Snitch: l’Infiltrato è un film del 2013, diretto da Ric Roman Waugh.

Oramai, quando ci si appresta alla visione di un film con Dwayne Johnson – non chiamatelo più The Rock o vi menerà a sangue – bene o male si sa già dove si andrà a parare: sparatorie e scazzottate (Il Re Scorpione, Doom, Fast & Furious 5…) o roba per famiglie (L’acchiappadenti, Corsa a Witch Mountain, Viaggio nell’isola misteriosa…).

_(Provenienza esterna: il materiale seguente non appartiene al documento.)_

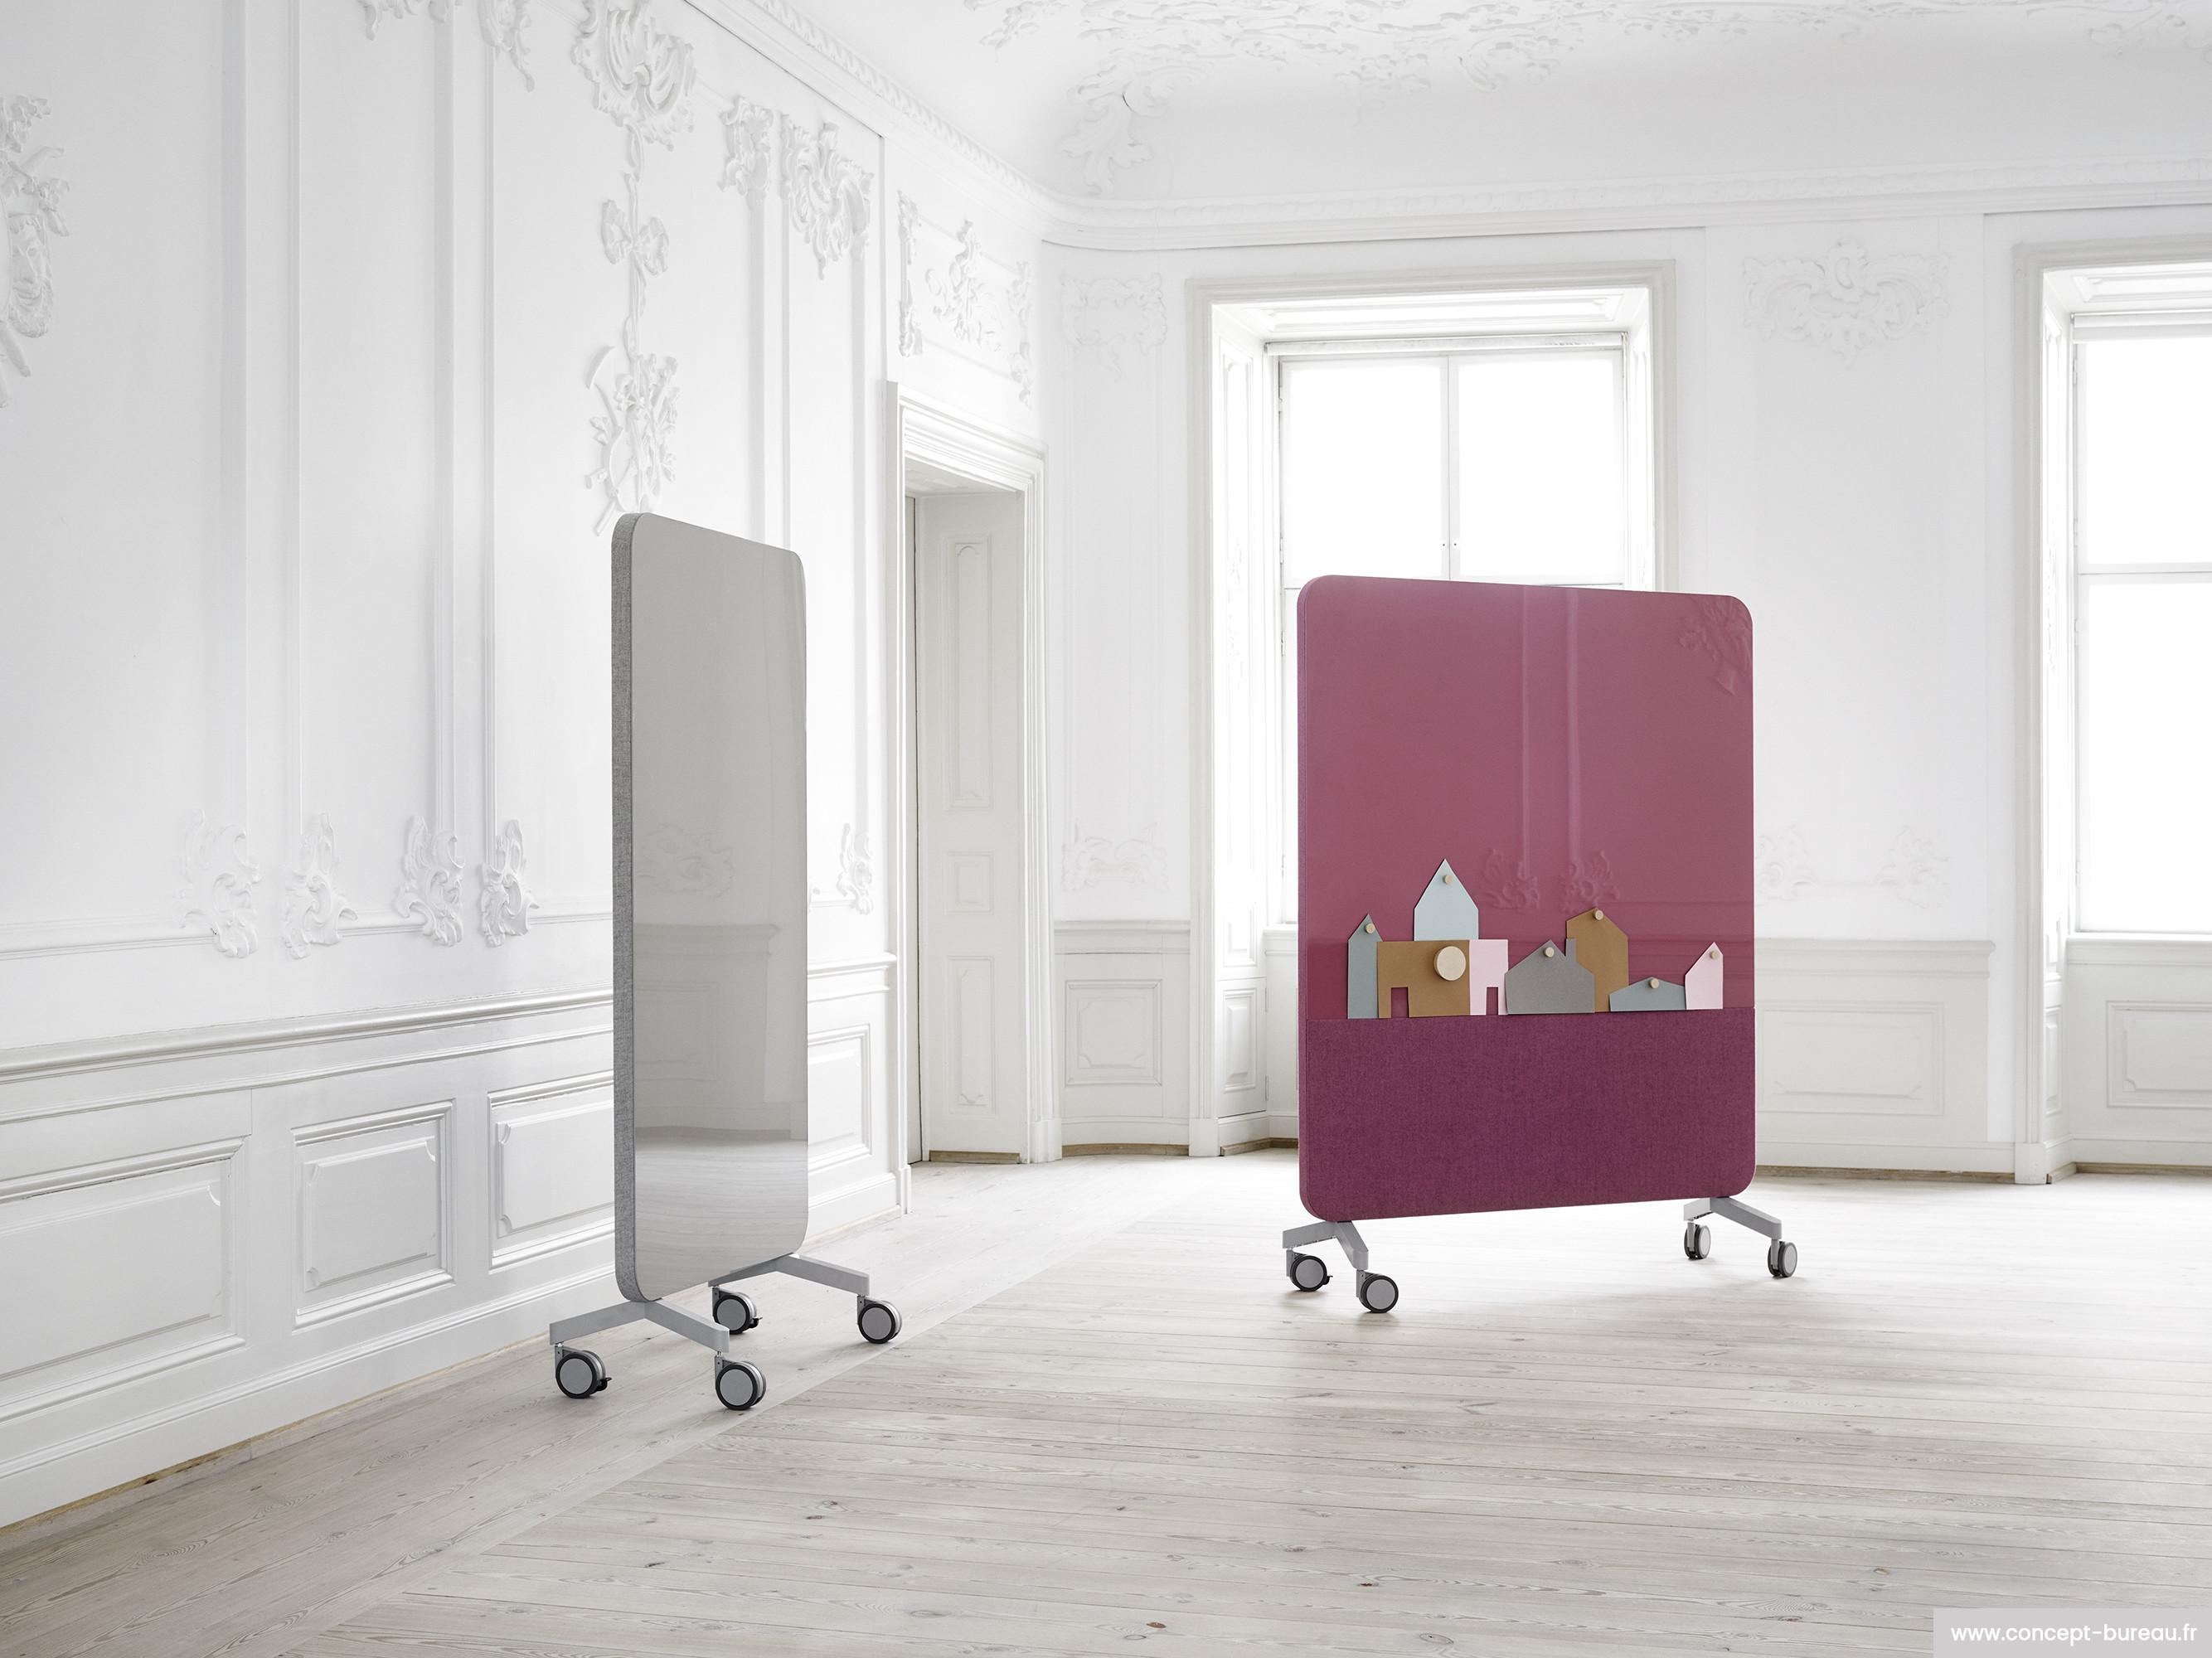 cloison mobile cloison amovible studio download by cloison mobile pour studio cloison mobile. Black Bedroom Furniture Sets. Home Design Ideas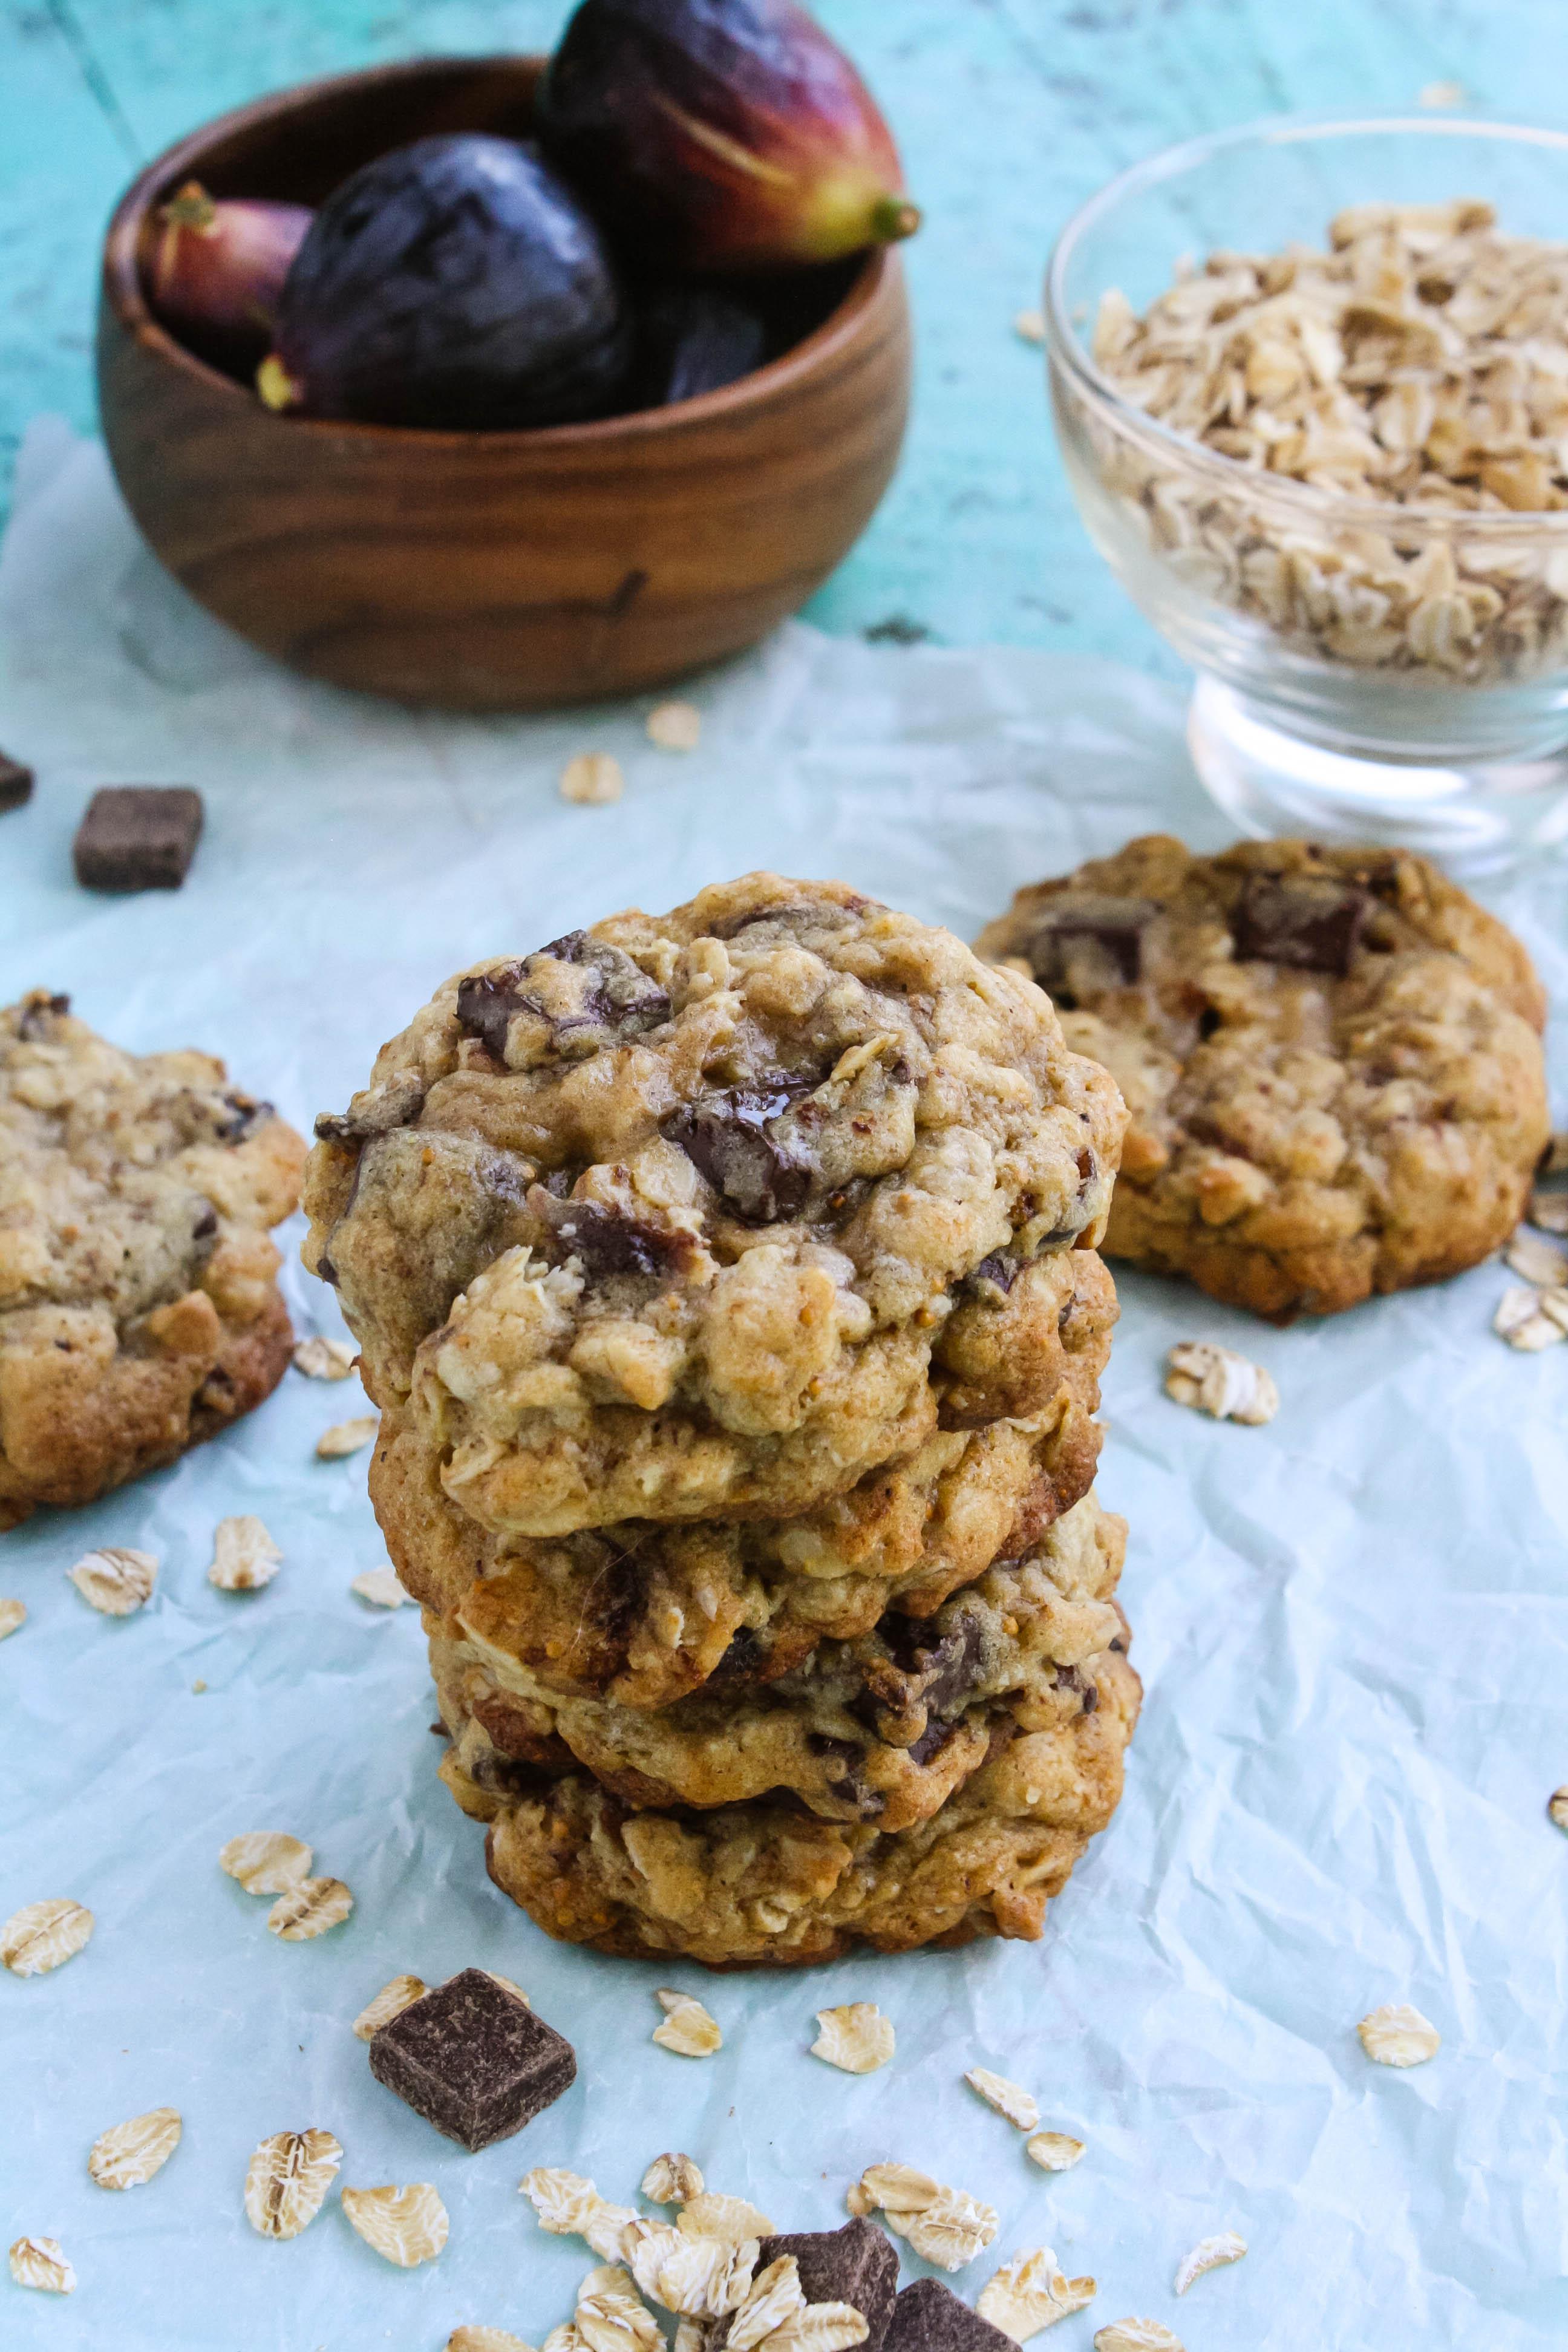 Oatmeal fig cookies with dark chocolate chunks are wonderfully flavorful cookies. Oatmeal fig cookies with dark chocolate chunks are thick, rich, and oh so good!

È un po’ una sorpresa, quindi, trovarselo in un ruolo dove non interpreta un megaguerriero ammazzatutti o la parodia di se stesso a uso e consumo di bimbetti che comunque non hanno idea di chi diavolo sia. E questa sorpresa è uno dei punti di forza di Snitch – L’infiltrato, l’ultimo film di Ric Roman Waugh, stuntman di lungo corso passato alla regia, con alle spalle un paio di lungometraggi piuttosto interessanti, su tutti il disturbante Felon (2008).

In Snitch, il nostro caro Dwayne dimostra di non essere solo un ammasso di muscolazzi, ma anche un discreto attore: qui è un padre, John Matthews, il cui figlio Jason, appena diciottenne, viene beccato dall’antidroga americana, la DEA, con una busta piena di ecstasy, che conservava per fare un favore a un amico. Con un tale quantitativo, rischia dai dieci ai trent’anni di reclusione, a meno che non faccia la spia e aiuti gli sbirri a incastrare qualche altro tossico, sia esso un narcotrafficante o un semplice consumatore. E qui nascono i veri problemi: Jason è del tutto fuori dal giro, non conosce nessuno se non l’amico che gli ha dato l’ecstasy, e sebbene fermo nella sua intenzione di non diventare un’infame, non lo potrebbe neanche fare, perché si scopre che è stato proprio tale presunto amico a organizzare la sua cattura, indotto dalla DEA a fare qualche nome per ridursi la pena dopo il suo arresto.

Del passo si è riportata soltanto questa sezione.